Sterilisasi dengan cara penyaringan ini, digunakan secara luas pada industri obat terutama penggunaan larutan yang bersifat labil terhadap panas. Penyaringan mempunyai faedah yang berlainan dengan jenis-jenis sterilisasi yang lain. Penyaringan ini menghilangkan mikroorganisme, dan juga menghilangkan hasil-hasil metabolik yang terlarut, misalnya toksin, pyrogen dan bentuk-bentuk yang serupa. Cara ini digunakan juga secara luas pada industri minuman keras. Misalnya untuk menjernihkan bir dan menghilangkan khamir-khamir pada akhir fermentasi. Dalam hal ini penyaring yang relatif kasar dapat digunakan, karena partikel-partikel yang akan dihilangkan ialah khamir-khamir yang mempunyai ukuran lebih besar dari bakteri pada umumnya.
Sterilisasi dengan cara penyaringan ini, penting untuk mempertahankan kebersihan persediaan air dan digunakan secara umum. Ini bukanlah merupakan proses sterilisasi yang sesungguhnya, karena tidak dituntut untuk menghilangkan semua mikroorganisme, meskipun demikian penyaringan tersebut mengurangi jumlah klorin sampai pada tingkat yang cukup rendah, dimana klorin masih tetap efektif.
Type-type penyaring yang digunakan antara lain penyaring Chamberland dan penyaring Jenkin yang terbuat dari porselin, penyaring Berkefeld dan penyaring Mandler yang terbuat dari tanah diatom, penyaring yang dibuat dari serbuk kaca, penyaring yang terbuat dari asbes dan penyaring membran.
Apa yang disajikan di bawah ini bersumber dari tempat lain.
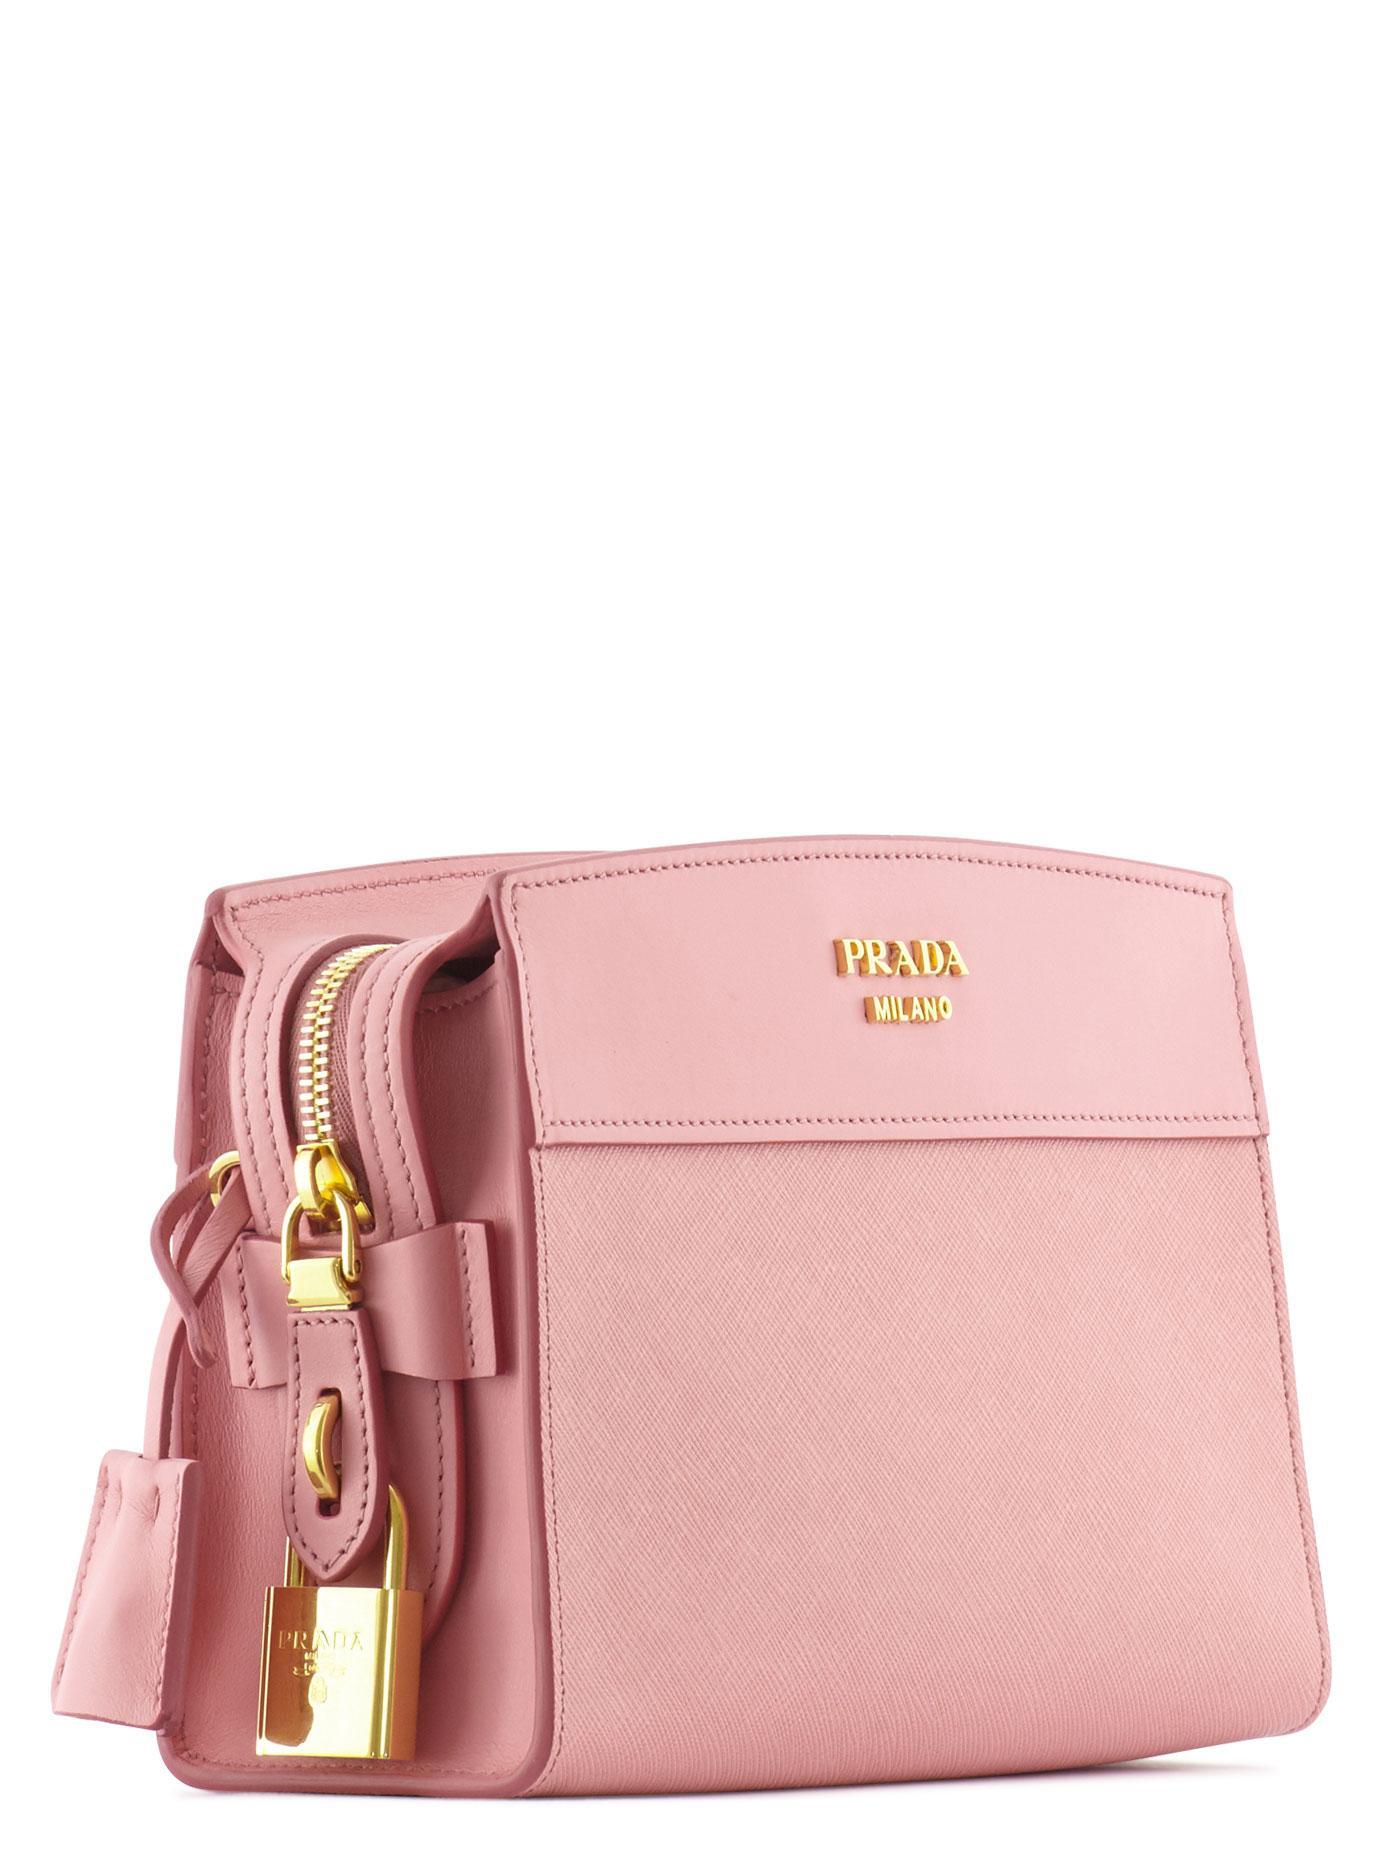 fe28aeab0b2756 Prada Esplanade Crossbody Bag in Pink - Lyst

Namun sekarang di industri-industri makanan dan minuman cara-cara ini sudah ditinggalkan karena banyak cara yang lebih efektif dan efisien. Sehingga tidak akan dibahas lebih jauh.
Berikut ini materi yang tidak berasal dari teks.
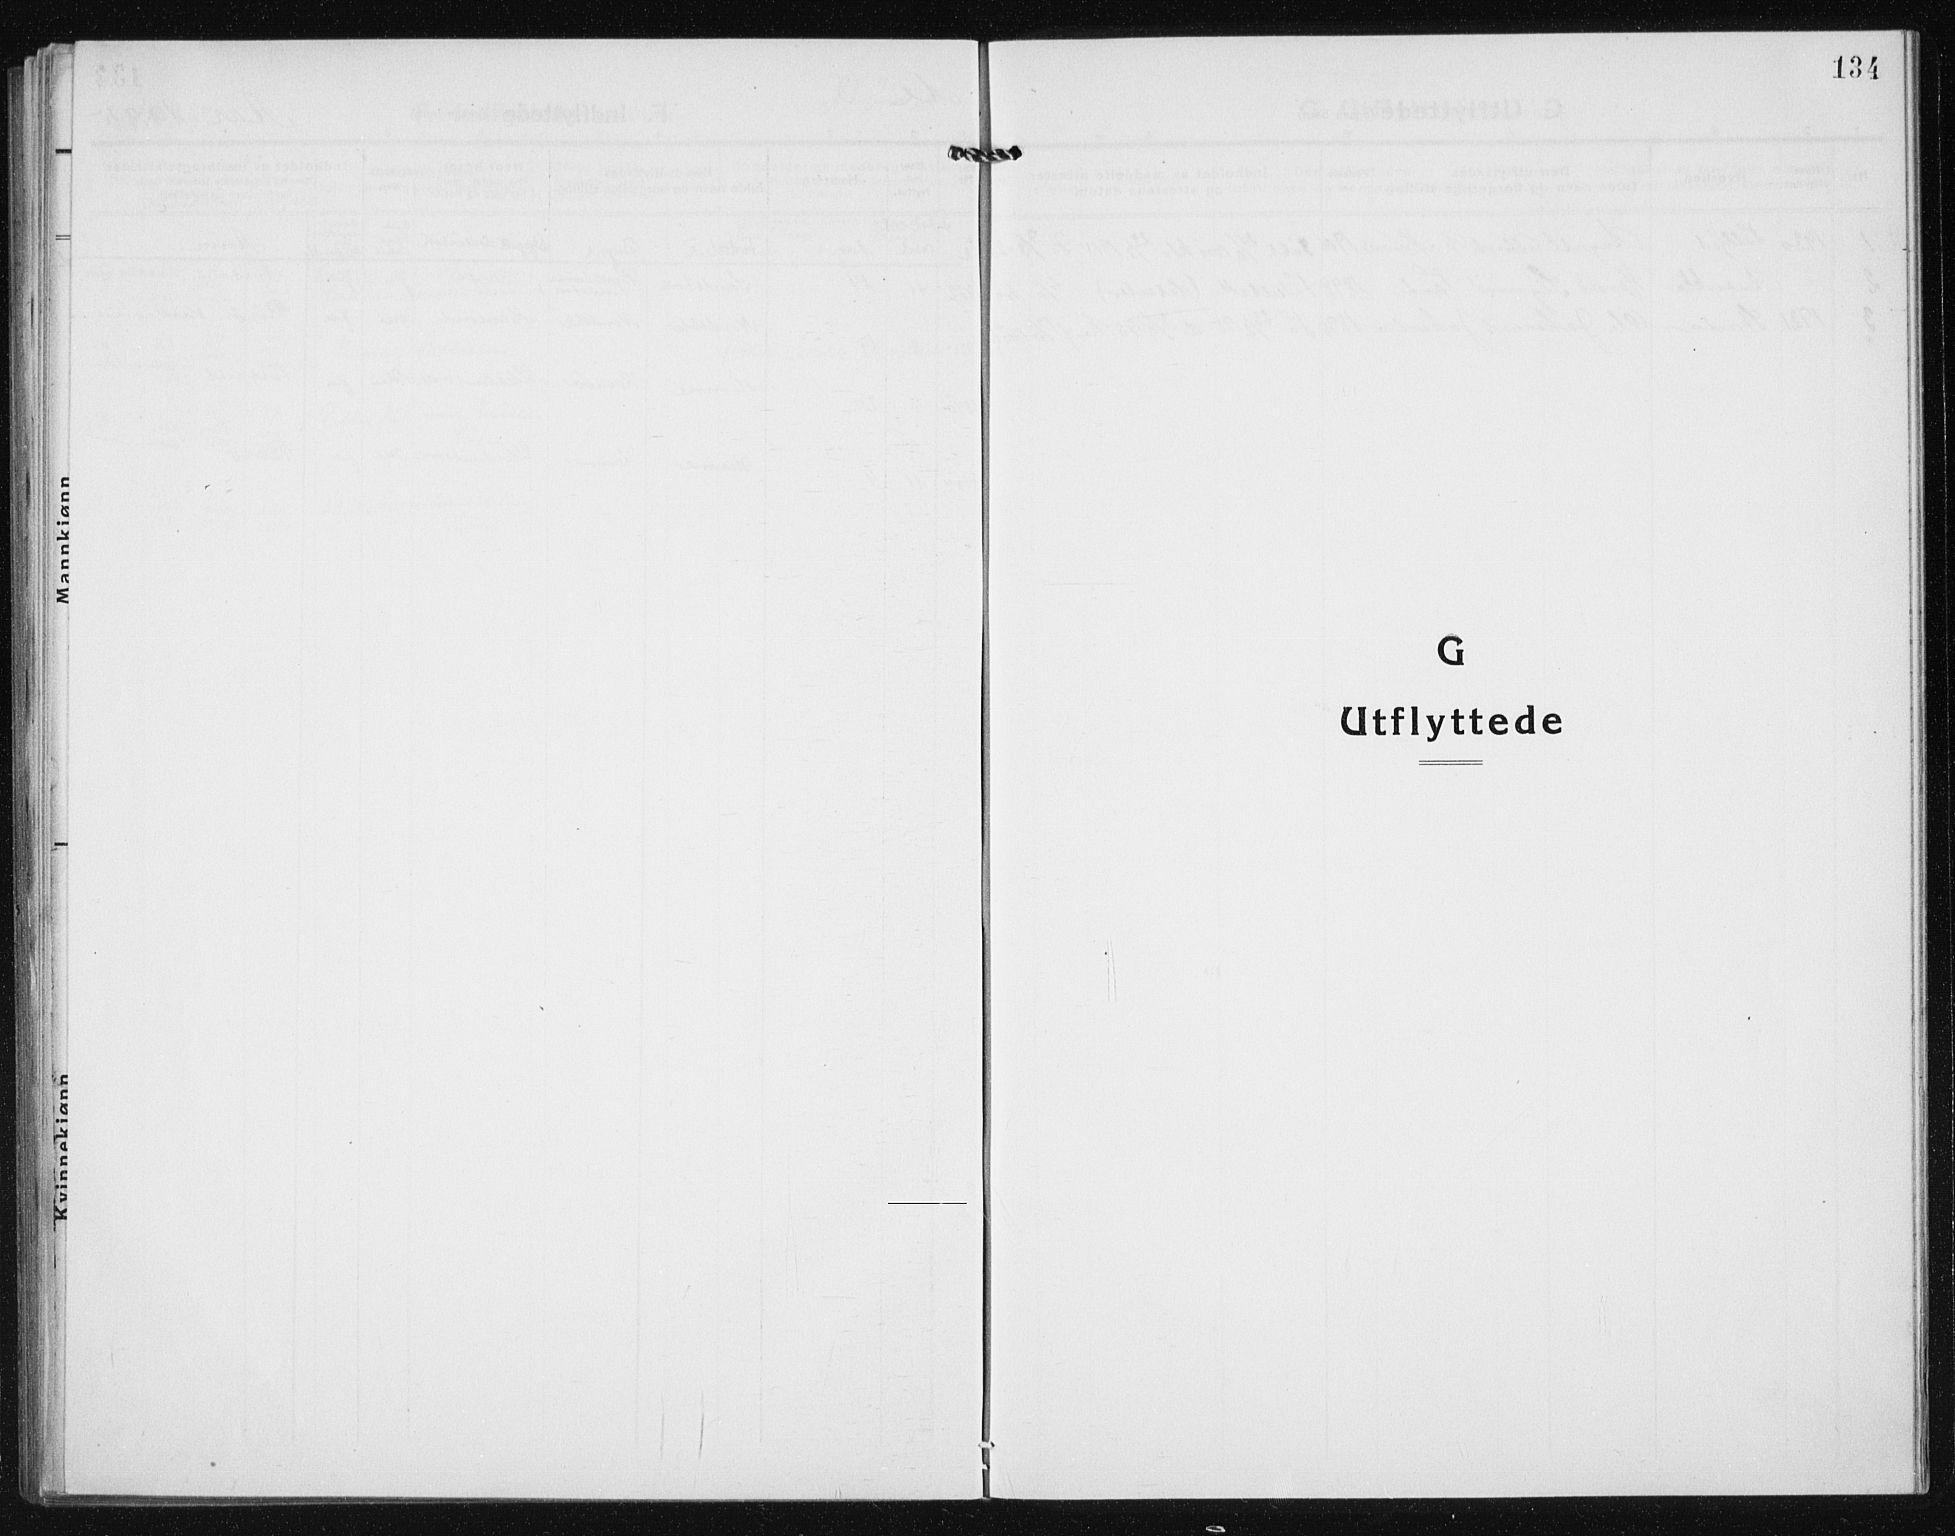 SAT, Ministerialprotokoller, klokkerbøker og fødselsregistre - Sør-Trøndelag, 635/L0554: Klokkerbok nr. 635C02, 1919-1942, s. 134

1.3. STERILISASI DENGAN RADIASI
Radiasi dalam dosis tertentu dapat mematikan mikroorganisme sehingga dapat digunakan untuk sterilisasi alat-alat. Sterilisasi dengan cara radiasi mempunyai beberapa keunggulan jika dibandingkan dengan sterilisai konvensional (menggunakan bahan kimia), yaitu : 
a)    Sterilisasi radiasi lebih sempurna dalam mematikan mikroorganisme
b)    Sterilisasi radiasi tidak meninggalkan residu kimia
c)    Karena dikemas dulu baru disterilisasi maka alat tersebut tidak mungkin tercemar mikroorganisme lagi sampai kemasan terbuka. Sedangkan dengan bahan kimia, setelah sterilisasi selanjutnya dikemas, jadi ada kemungkinan kontaminasi kembali pada proses pengemasannya (Arma, 2004).
Secara umum, radiasi-radiasi mempunyai kemampuan untuk mempengaruhi atau dipengaruhi oleh material. Kemampuan dalam mempengaruhi material, dimanfaatkan untuk sterilisasi alat-alat kedokteran, perawatan kanker, mutasi tumbuhan dan pasteurisasi makanan. Radiasi juga telah dimanfaatkan untuk mensterilkan hama-hama tertentu (Siregar, 2004).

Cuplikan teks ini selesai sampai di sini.